Colin Moughton

Personal information
- Full name: Colin Edward Moughton
- Date of birth: 30 December 1947 (age 77)
- Place of birth: Harrow, London, England
- Height: 6 ft 0 in (1.83 m)
- Position(s): Defender

Youth career
- Queens Park Rangers

Senior career*
- Years: Team / Apps / (Gls)
- 1965–1968: Queens Park Rangers / 6 / (0)
- 1968: Colchester United / 4 / (0)
- Bedford Town
- Cheltenham Town
- Gloucester City
- Total:  / 10 / (0)

= Colin Moughton =

English footballer

Colin Edward Moughton (born 30 December 1947) is an English former footballer who played in the Football League as a defender for Queens Park Rangers and Colchester United.

==Career==

Born in Harrow, London, Moughton began his career with Queens Park Rangers, signing professional terms in December 1965. He made six appearances for the club between 1965 and 1968 prior to joining Colchester United on a two-month trial in July 1968.

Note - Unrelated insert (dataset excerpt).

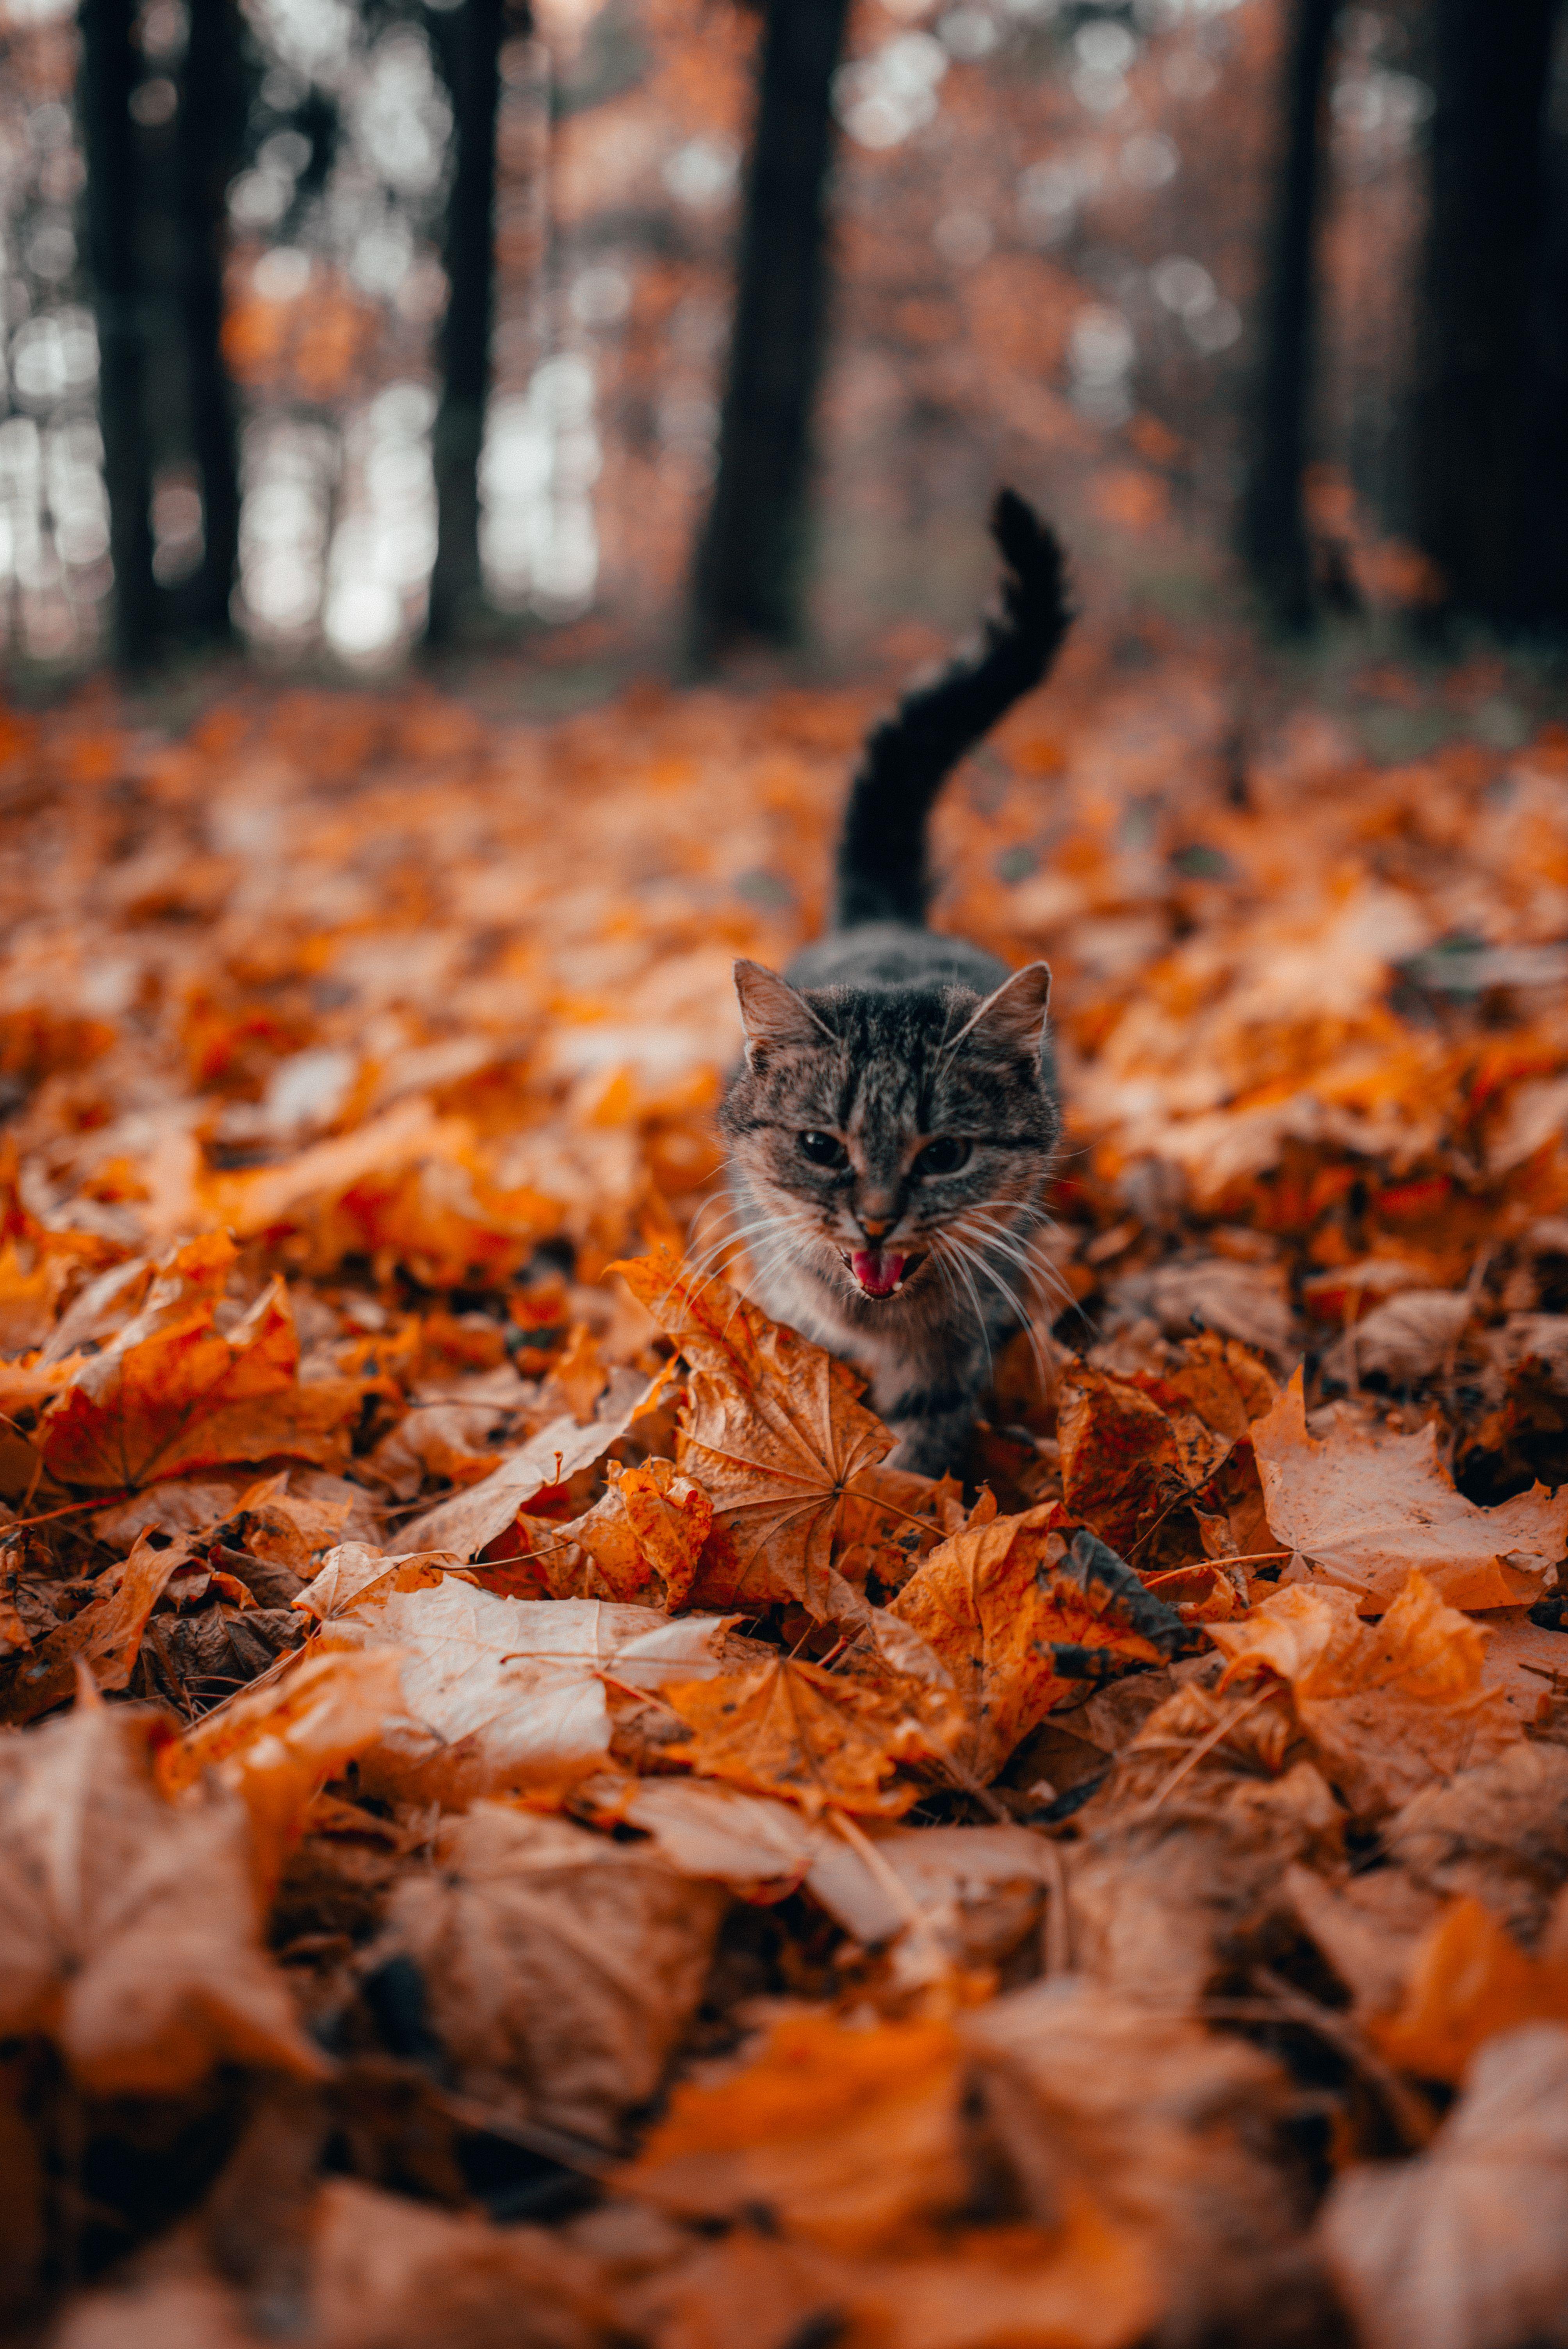 9 Formidable Kitten Appearance Gray Cat Walking On Fallen Leaves Plant Leaf Ground In 2020 Cats Cat Wallpaper Kitten Photos

Moughton made his debut for Colchester in a 4–0 defeat to Brentford at Griffin Park on 10 August 1968, the opening match of the season and a game in which he scored an unfortunate own goal. He made four appearances in the league for the U's but was not signed permanently, making his final appearance in another 4–0 defeat, on this occasion at home to Scunthorpe United. He later joined Bedford Town, Cheltenham Town and Gloucester City.